= WORK REQUEST =
The output must be exactly the lines from the "Enako@日本第一Coser的性感蜕变 养眼图片 第7张" line through the end of the listing below, with no picture included.

= INFORMATION SHOWN =

+++

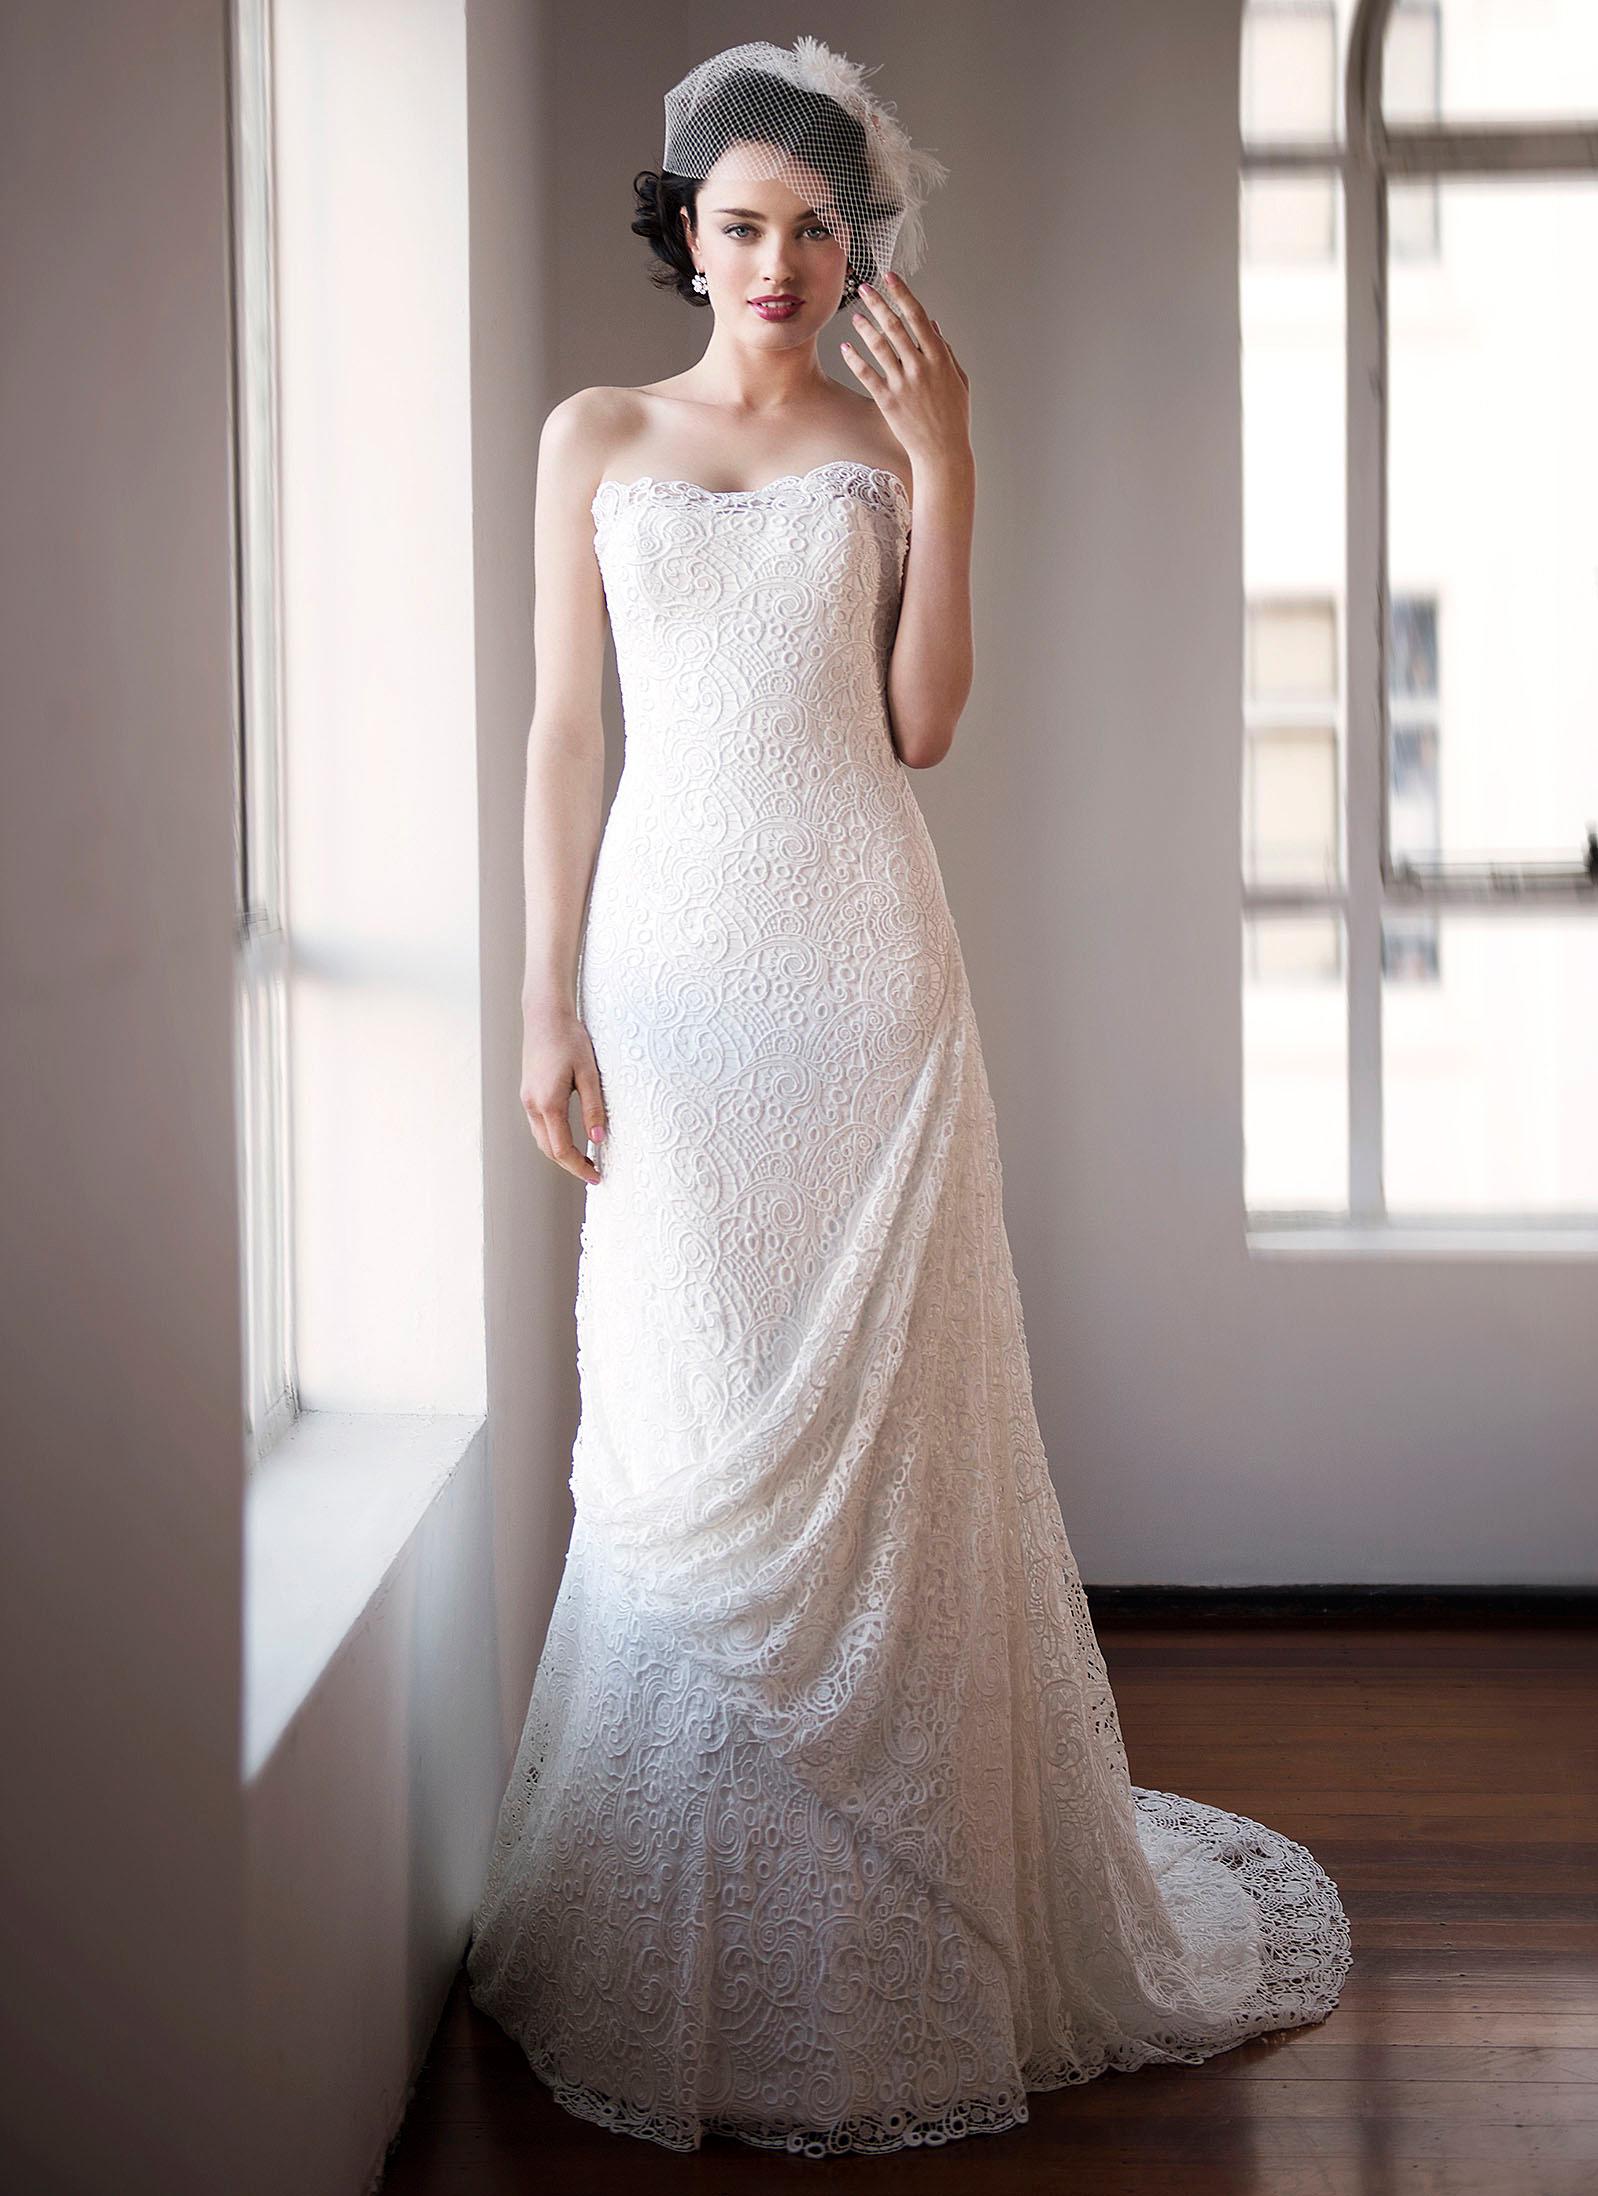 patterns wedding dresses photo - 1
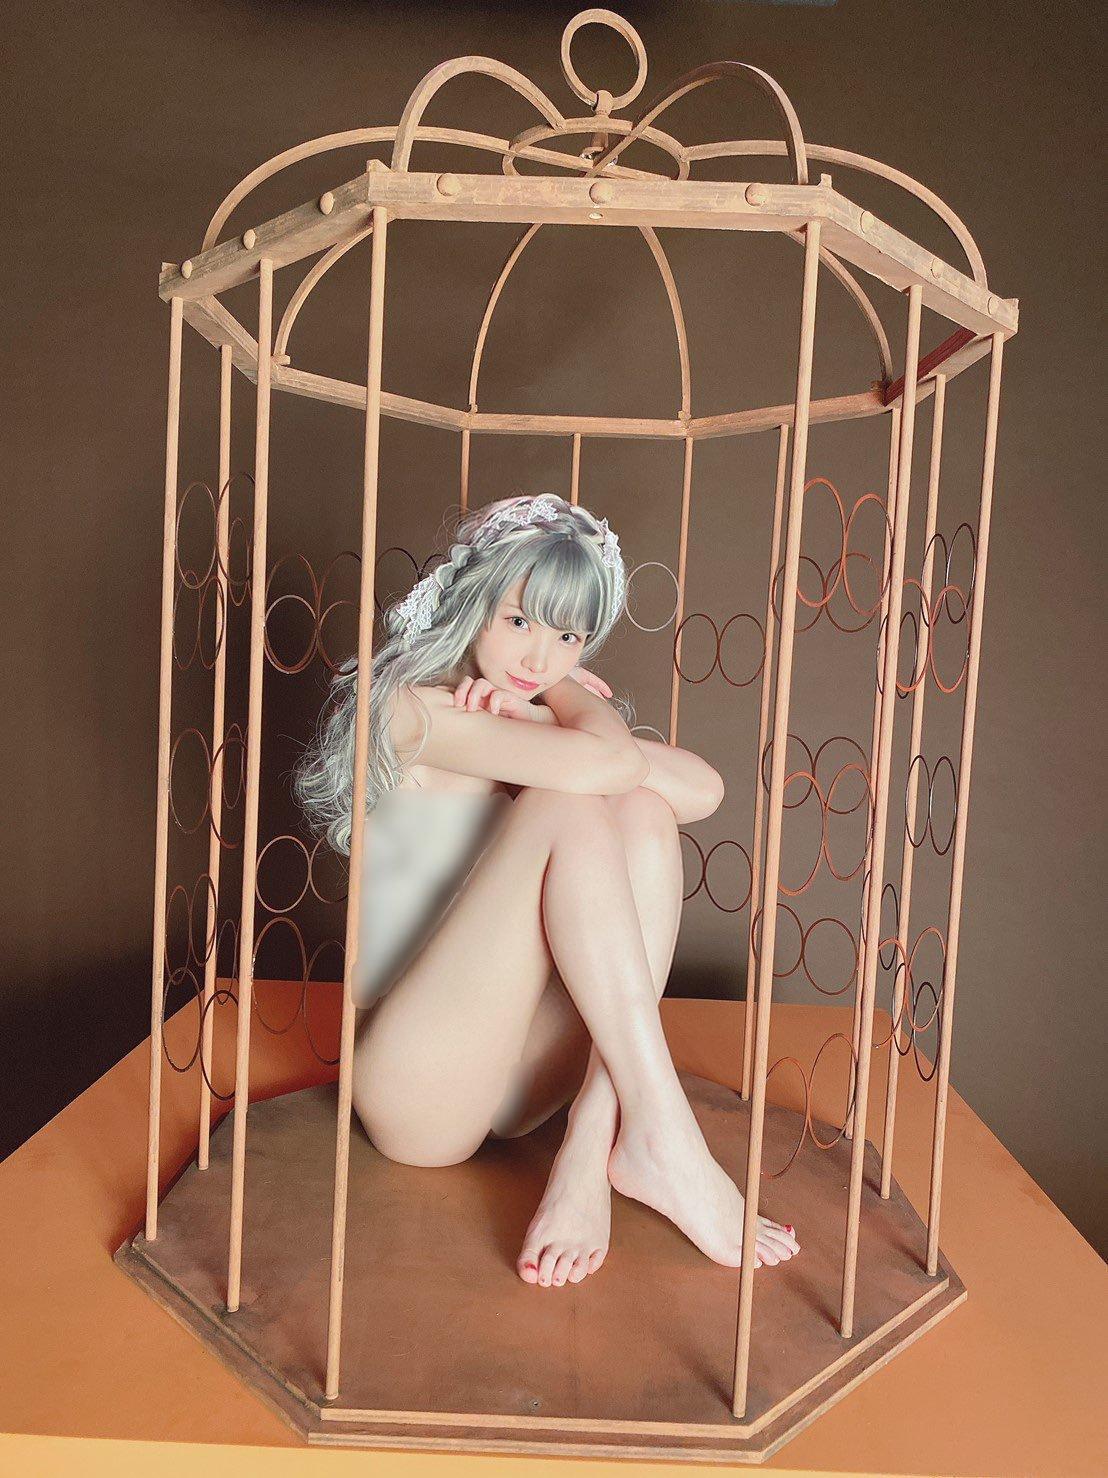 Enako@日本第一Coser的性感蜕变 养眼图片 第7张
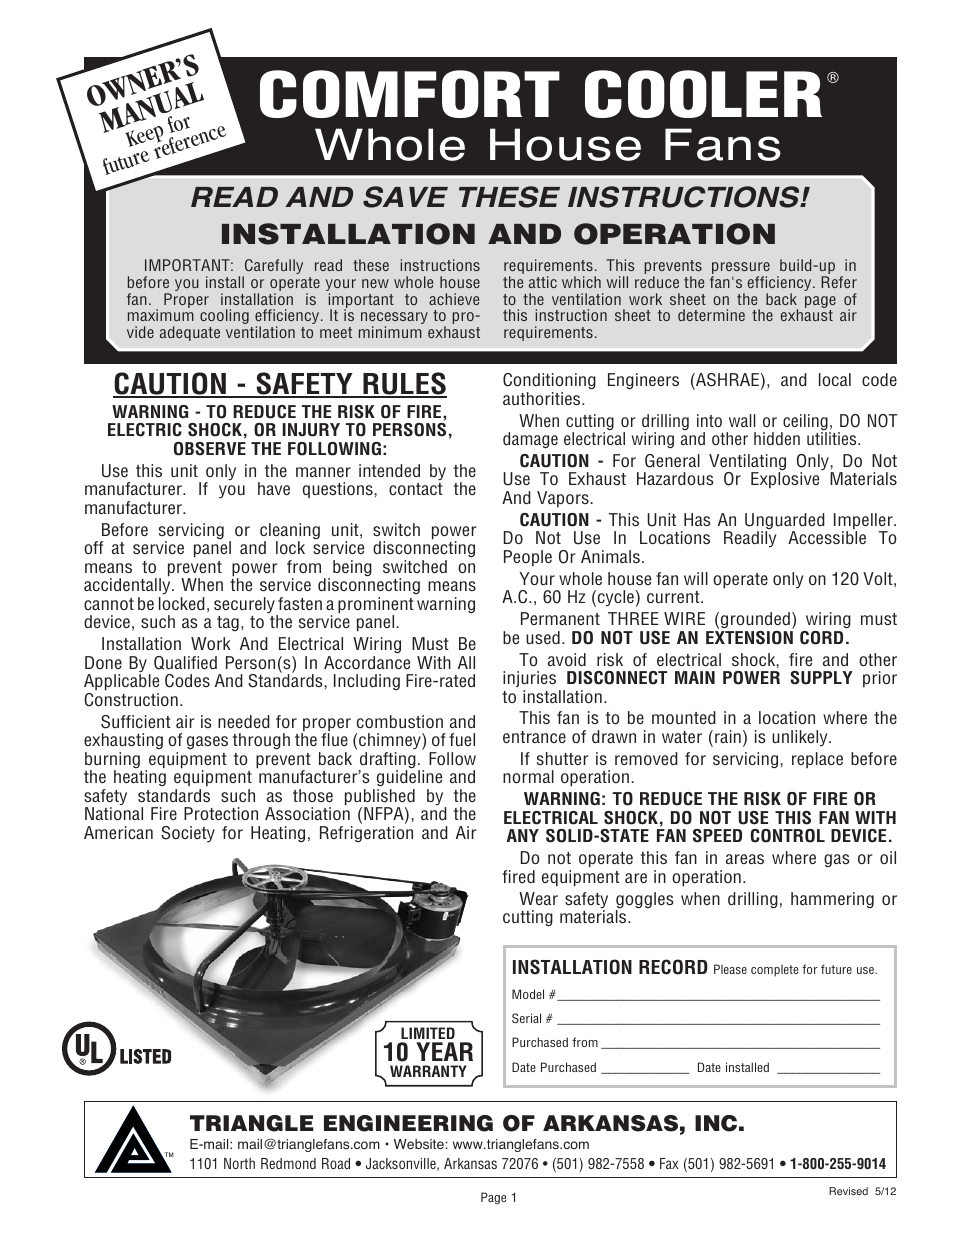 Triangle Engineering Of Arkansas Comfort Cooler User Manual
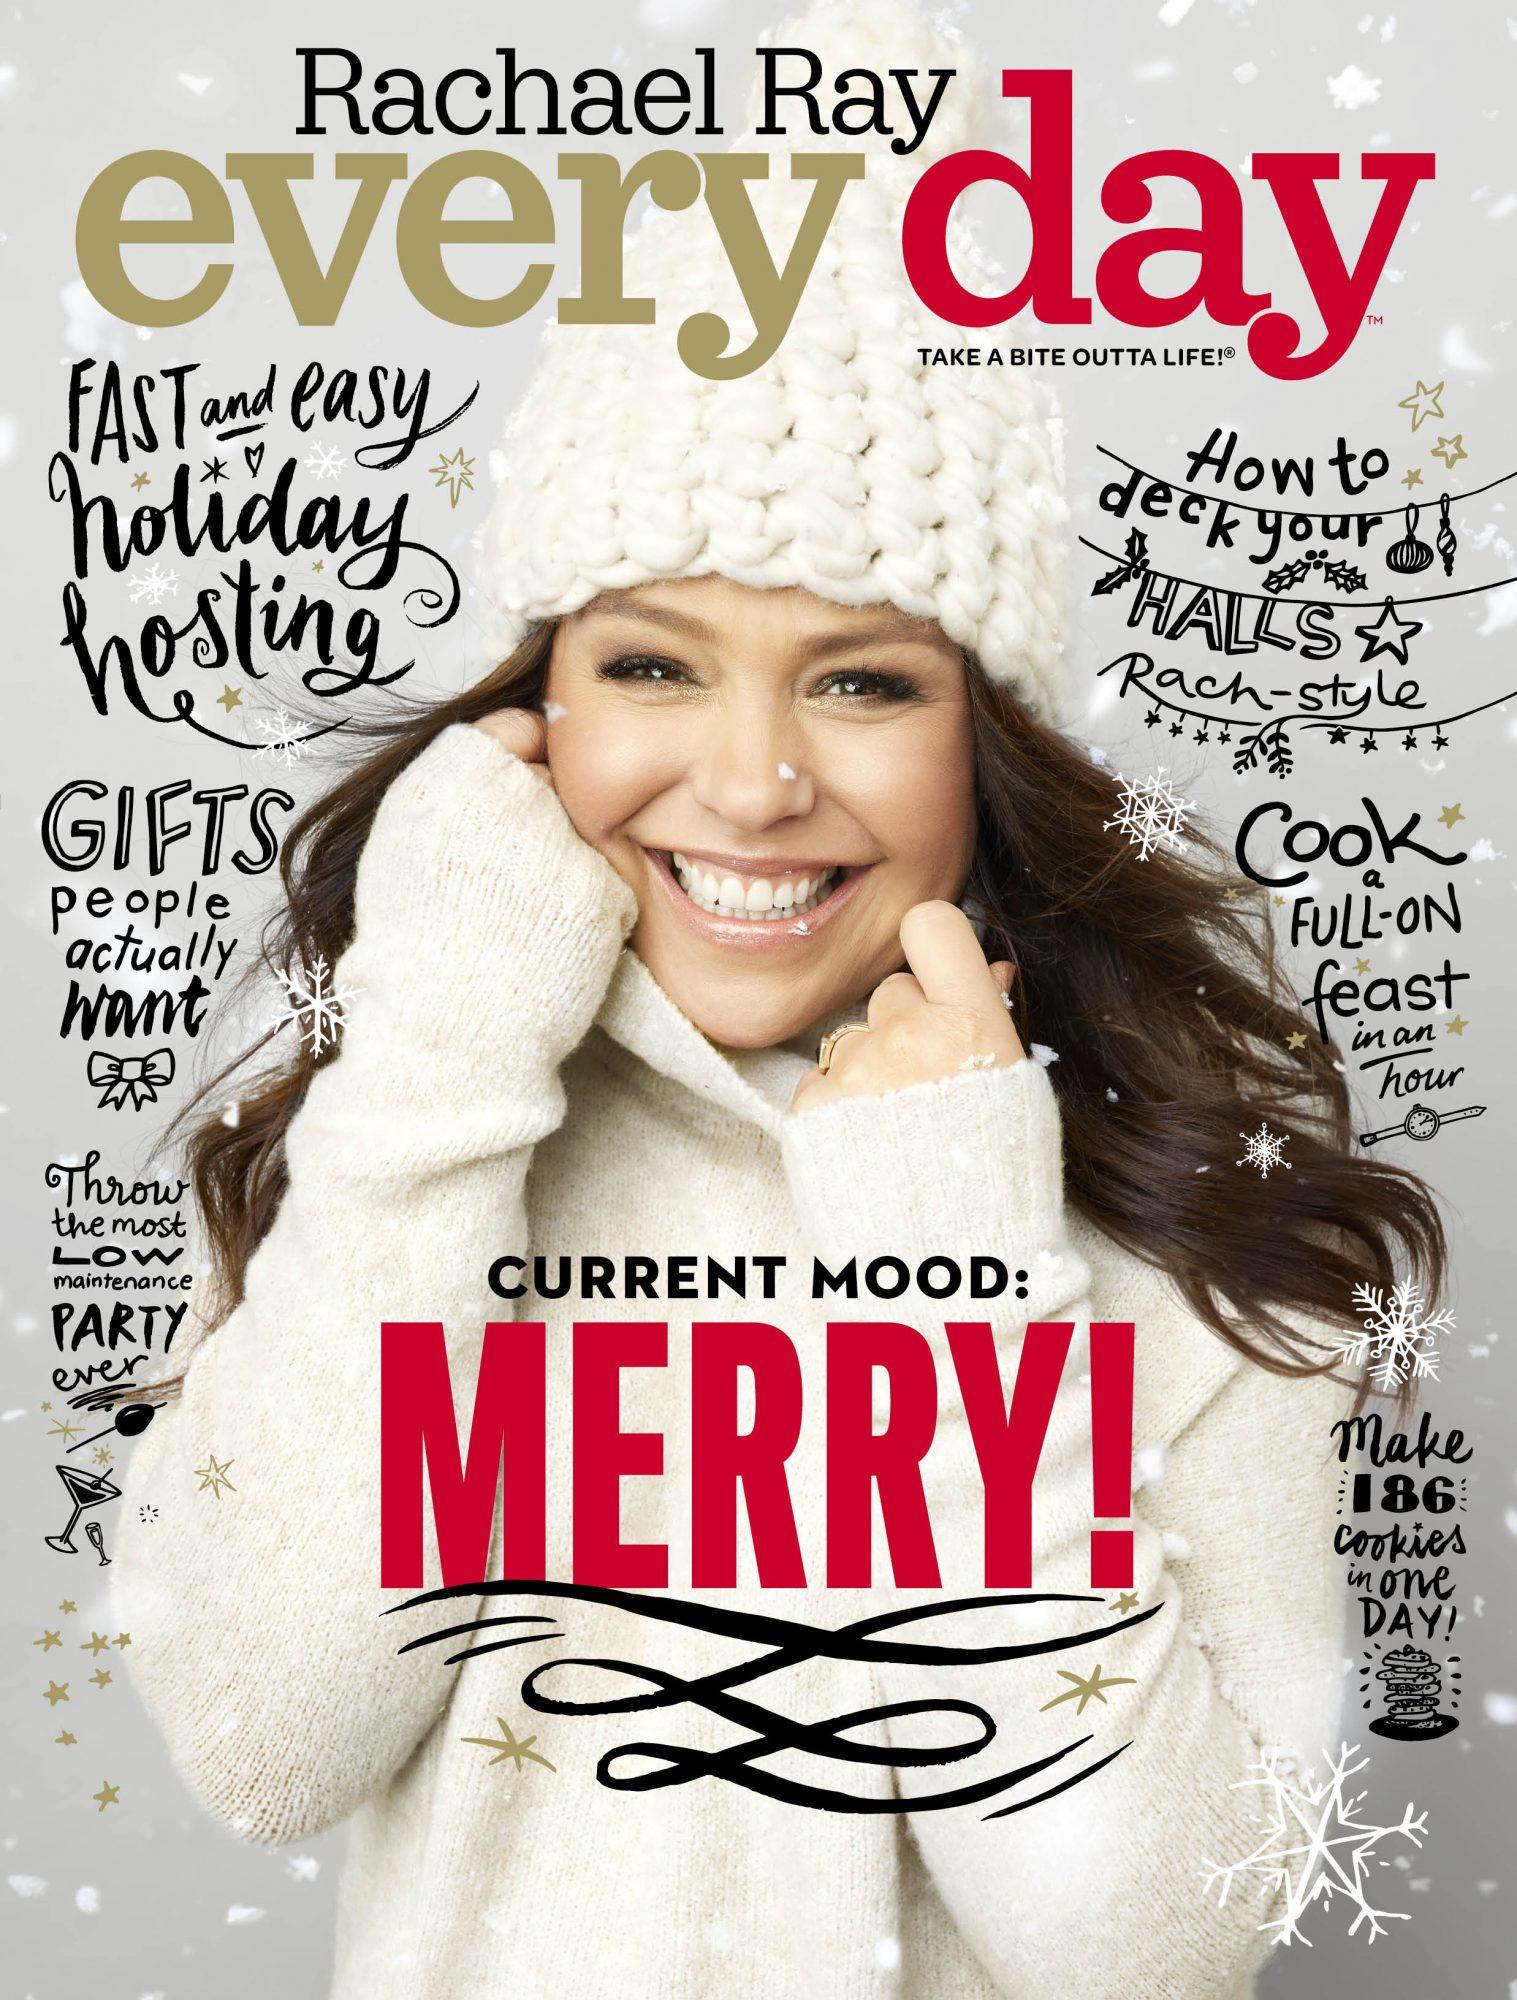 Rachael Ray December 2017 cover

+++

= THE ANSWER =
 Enako@日本第一Coser的性感蜕变 养眼图片 第7张
 Triangle Engineering Of Arkansas Comfort Cooler User Manual
 Rachael Ray December 2017 cover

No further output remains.